Passwords and PIN etc are just a random combination of alpha-numerics including :

  • numbers (10 different ones: 0-9)
  • letters (52 different ones: A-Z and a-z)
  • special characters (32 different ones).

The number of different combinations can be calculated with the following formula:

Different combinations = number of possible characters^ password length

Using this formula, a password which consists of 5 characters (3 lower case letters, 2 numbers) will result into 36^5= 60,466,176 possible combinations. Similarly 12 characters (3 upper case letters, 4 lower case letters, 3 special characters, 2 numbers) will result into 94^12= 475,920,314,814,253,376,475,136 possible combinations. Brute forcing such a password would require 475,920,314,814,253,376,475,136 /
2,000,000,000 = 237,960,157,407,127 seconds = approx, 7,5 million years if we are calculating 2 billion keys per second. For a 5 character password, it will be about 60,466,176 / 2,000,000,000 = 0.03 seconds.
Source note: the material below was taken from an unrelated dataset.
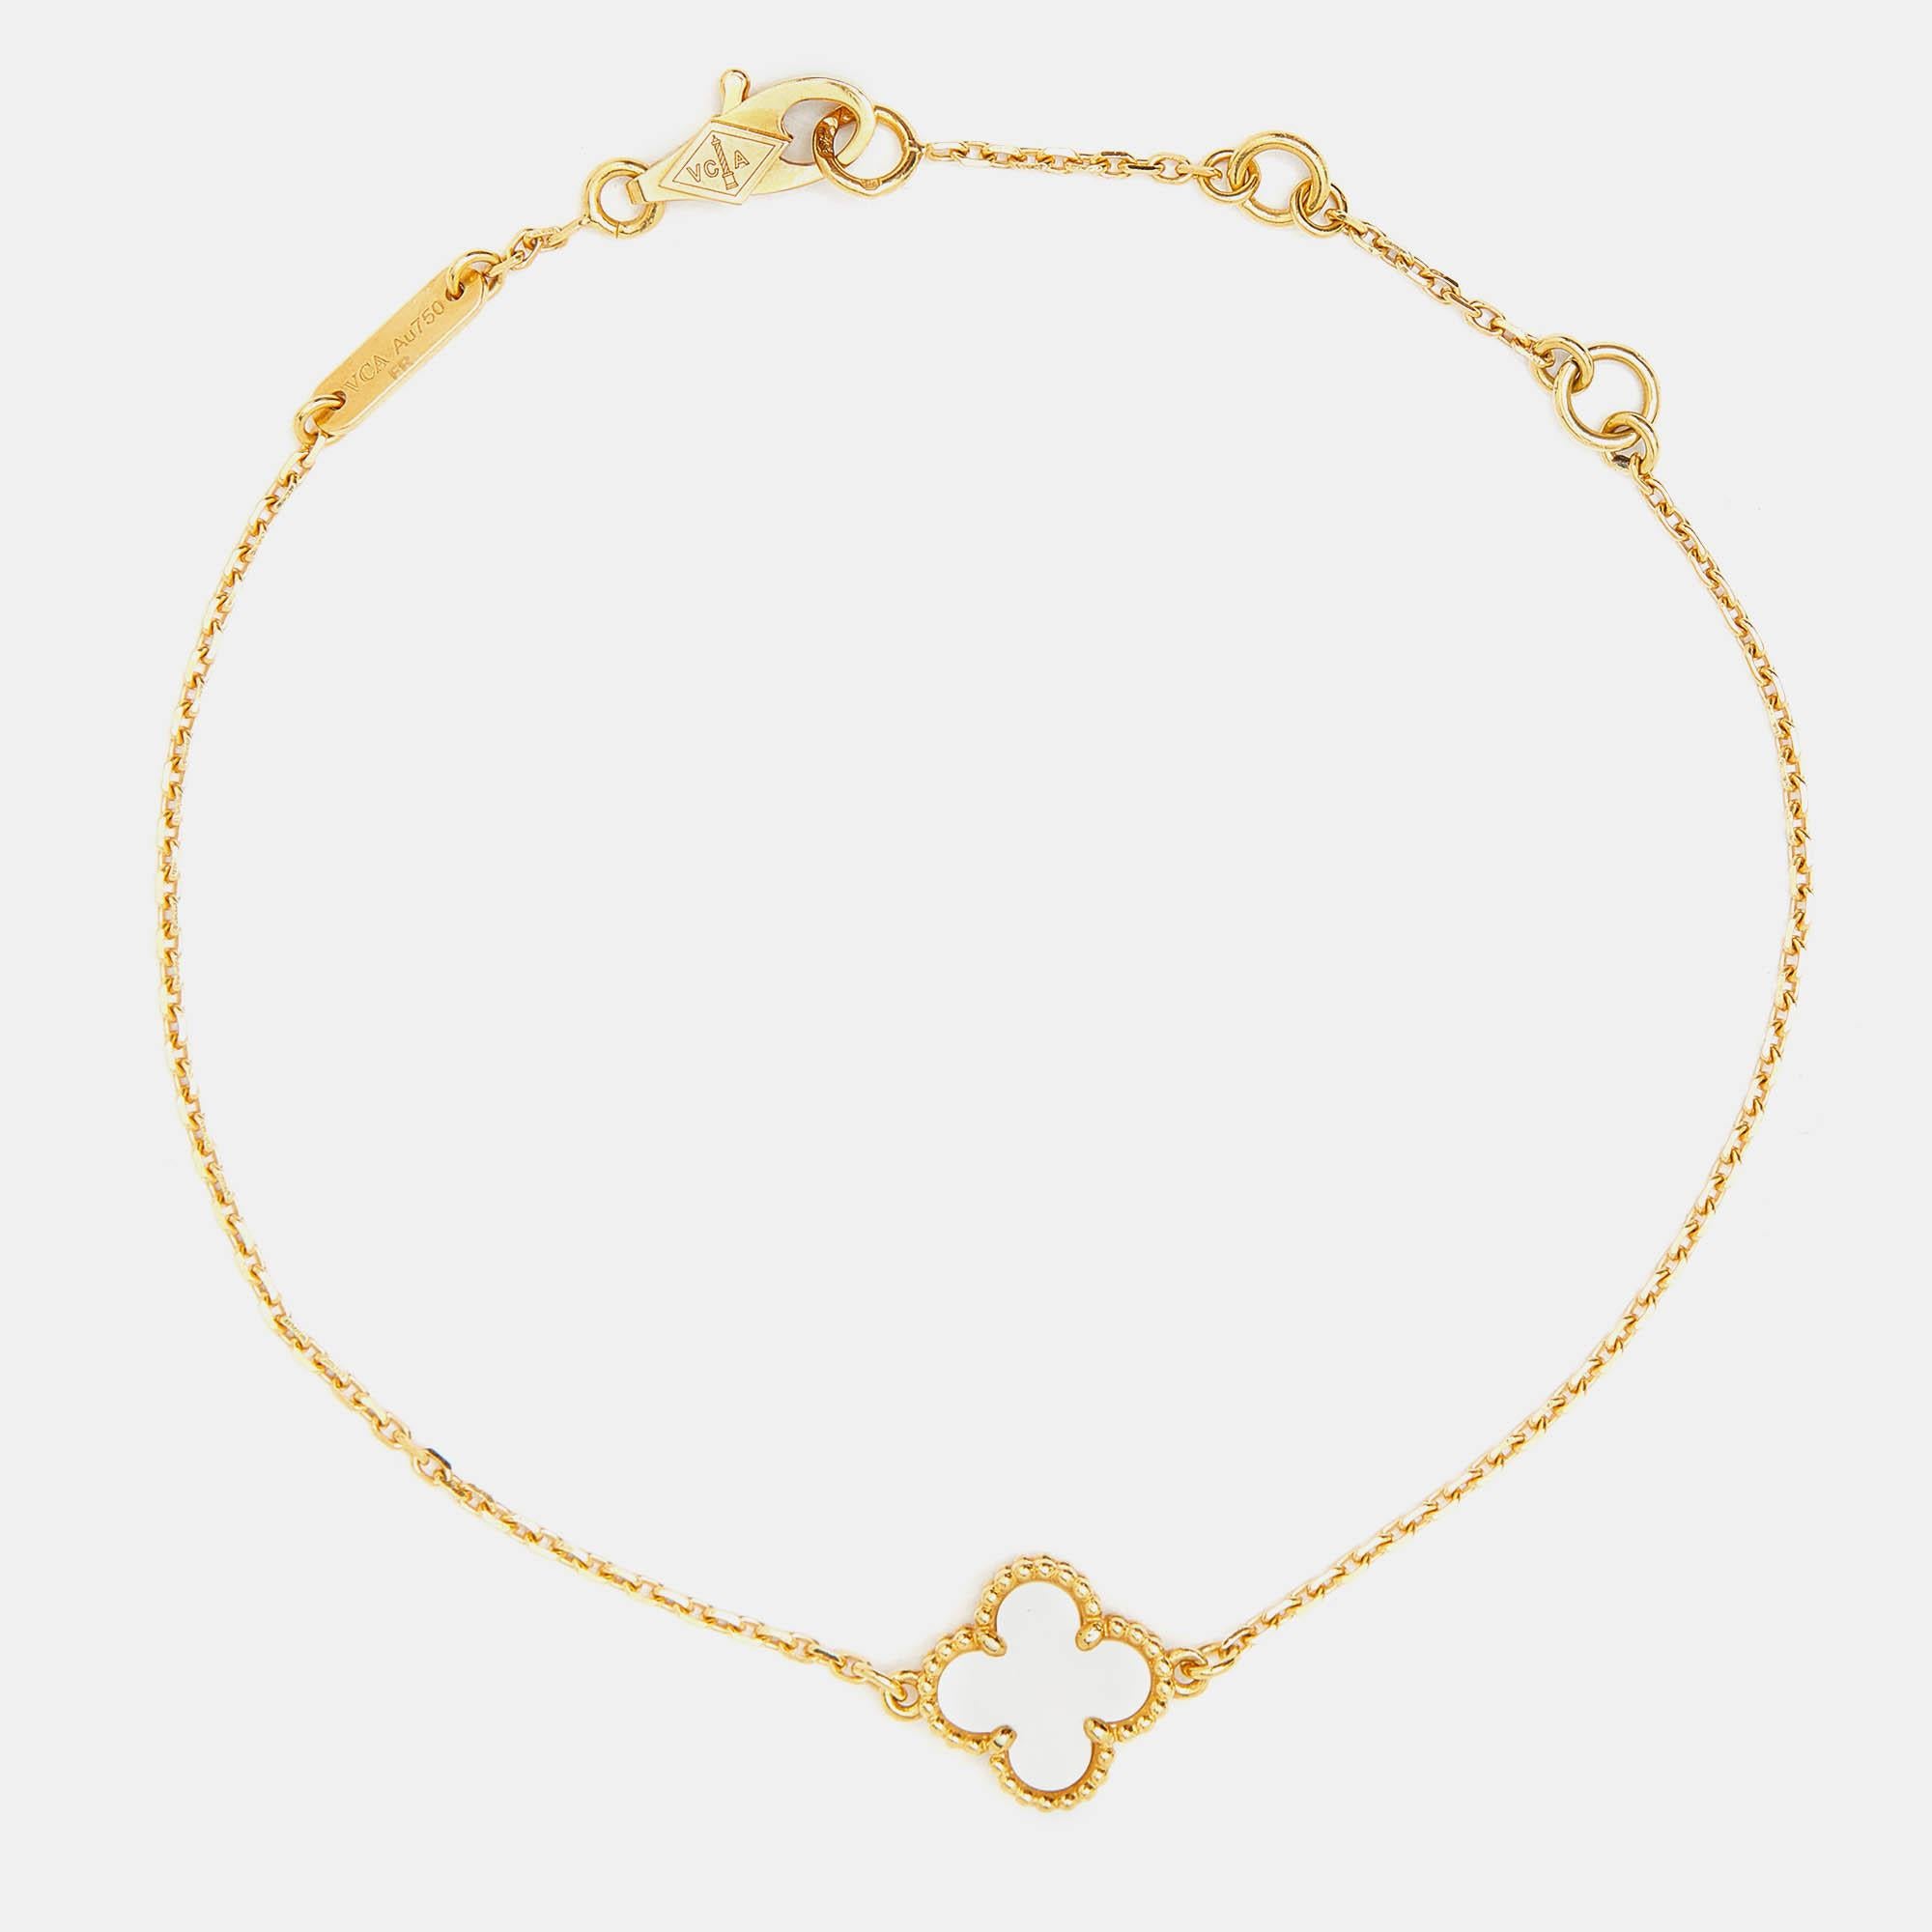 Investissez dans cet opulent bracelet Van Cleef & Arpels de la collection iconique Sweet Alhambra. Le pendentif Alhambra en or jaune 18 carats est serti d'une nacre et retenu par une chaîne. Un doux mélange de style minimaliste et d'élégance

But however long your password is, it isn’t of any use if you write it up in plain text and send it on the internet. Here comes cryptography. Most websites use 128-bit or 256-bit encryption for the passwords and other sensitive data on the internet which further secures the possibility of a password theft over internet and renders it unreadable. For added security, the passwords are run through a hash function before saving into databases, so your password isn’t saved as plain-text but as hashes. So even if a database is compromised, the hacker must again crack the hash to actually see what the password is. This is the reason most hackers keep from getting into hacking passwords and try to gain access using other methods and hence online banking is considered safe.